Subject RE: [firebird-support] Unicode
Author Svend Meyland Nicolaisen
> -----Original Message-----
> From: David Johnson [mailto:d_johnson@...]
> Sent: 11. april 2005 15:28
> To:
> Subject: RE: [firebird-support] Unicode
> > What will it take to make FireBird implement correct
> dictionary sort
> > orders and upper/lower case mappings? There must be some
> fundamental
> > problem since it hasn't been done yet or what?
> >
> 1. A java-like model that separates localization from character set
> 2. True multi-byte character support
> Dictionary collation is not straightforward because language
> and culture must be taken into account. In English, accents
> on characters are not meaningful. In other languages, they
> are often not just accents, but completely different
> characters (Å in norwegian and swedish). Swiss expect
> accented characters after the end of the alphabet, while
> Germans expect them inline. In German, "ss" and "ß" should
> be considered identical. Spanish (Spain) and Spanish
> (Mexico) have different collations. Etcetera.
> In English, the collation problem is easy. Once you
> internationalize, which is the intent of Unicode, it becomes
> more complex.
> Track down the standards documents. There is a lengthy
> description of how to build collation algorithms for unicode.
> The issue is not with any single collation, but that every
> country and culture has its own expectations.

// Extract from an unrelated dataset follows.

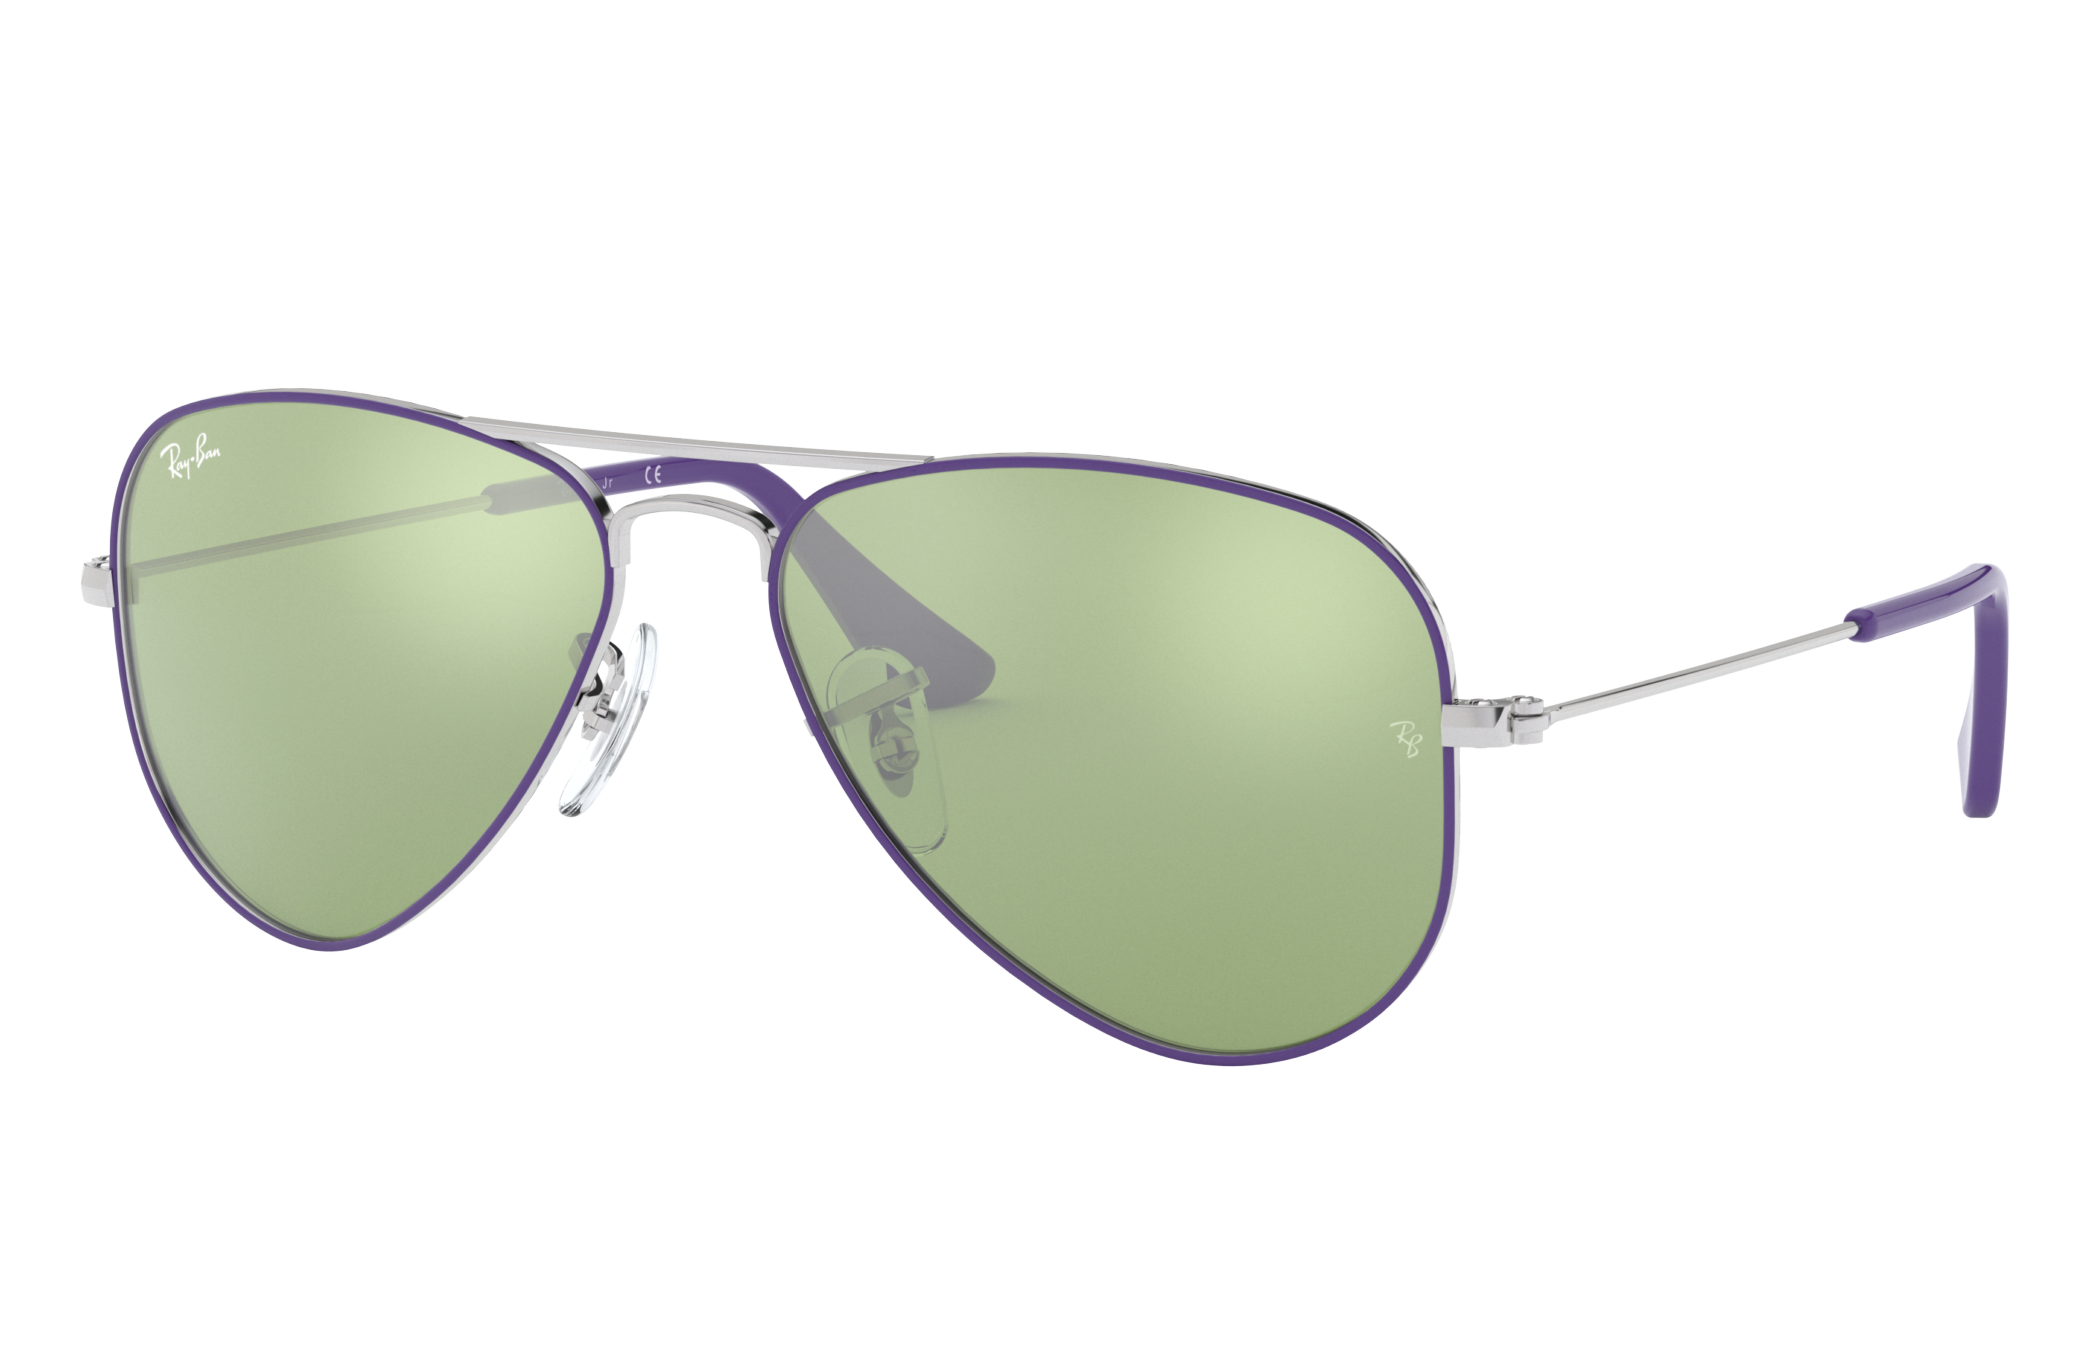 Ray-Ban Aviator Junior Silver, Green Lenses - RJ9506S
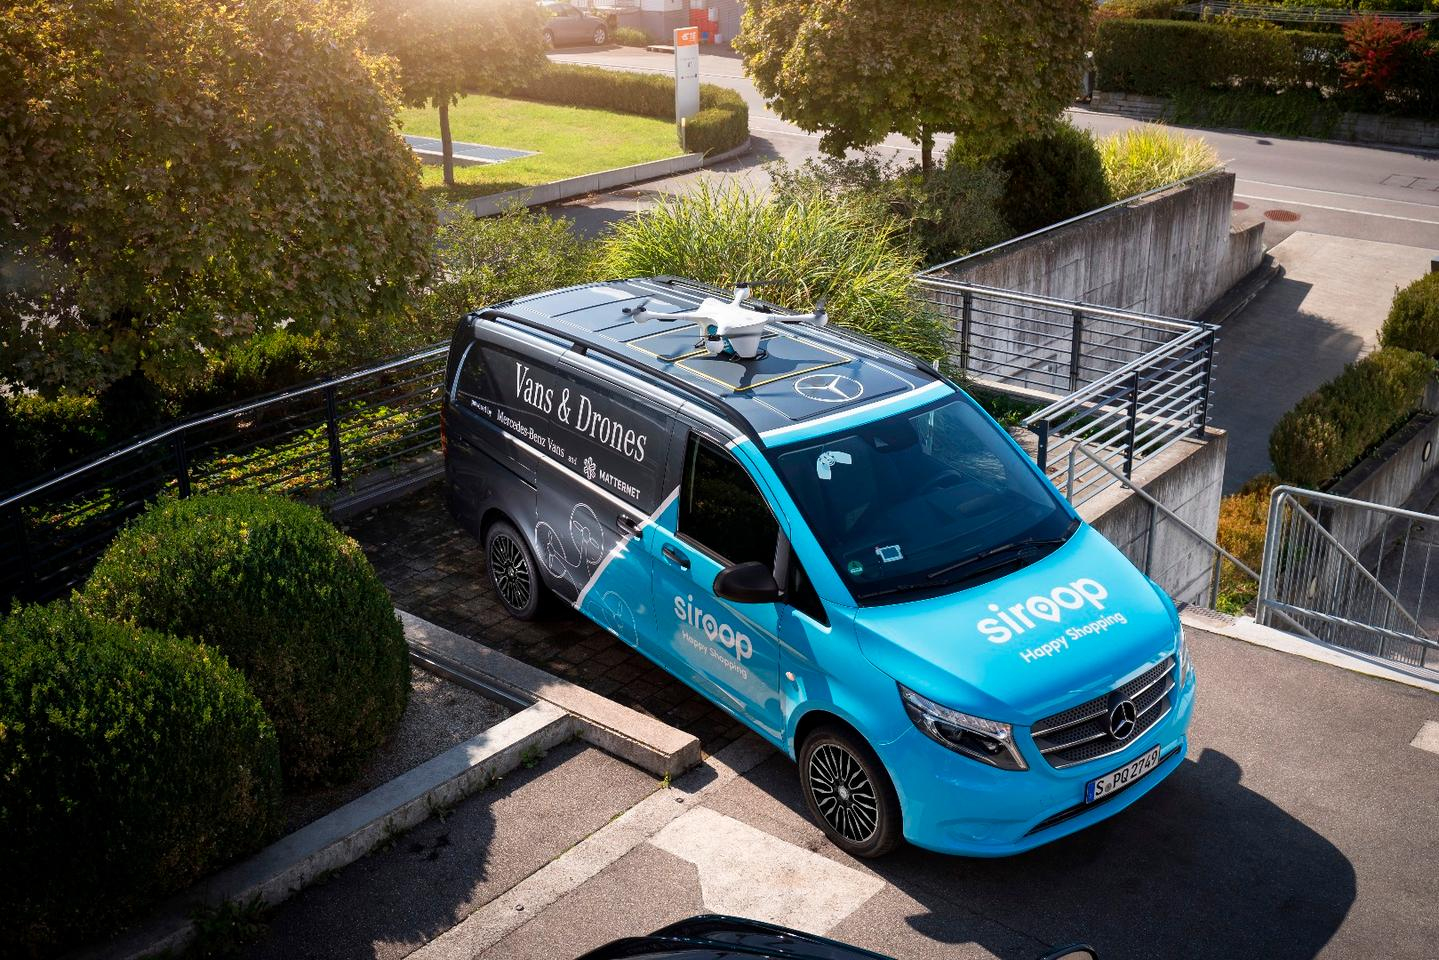 Mercedes kicked off trials of its drone-van delivery service last week

Thank you for the explanation. :-)

> > I have no problems representing Unicode with widestrings in other
> > applications so as I've said with the correct character set
> > representation conversion it must be possible to use
> widestrings with FireBird.
> >
> You can represent up to 14 bits of code points in 2 bytes (2
> bits are used to indicate that the first byte is one byte of
> a two byte pair).
> However, you cannot 21 bits of code points, which is the
> minimum representation for a minimum UTF-8 compliant
> character encoding.
> Full UTF-8 compliance demands features that do not exist in
> some implementations (which extend the potential space
> requirements to 6 bytes per character). Since they are
> generally not needed, they are often ignored. So far as I
> know, no one has established the code points for egyptian
> hieroglyphics.

OK, I wasn’t aware that Unicode reached beyond 16-bits, but now when I read
the latest specification I see that Unicode indeed compromises up to 21 bits
in the range 0x000000 to 0x10FFFF.

Widestrings are encoded in UCS-2 format and if you are careful with which
API functions you are using you can use widestrings encoded as UTF-16.
Widestrings can therefore represent up to 16 bits of code points in UCS-2
format and the full Unicode range in UTF-16. The Windows API can be used to
display widestrings encoded in UTF-16 if it is enabled on the system and the
necessary fonts are available.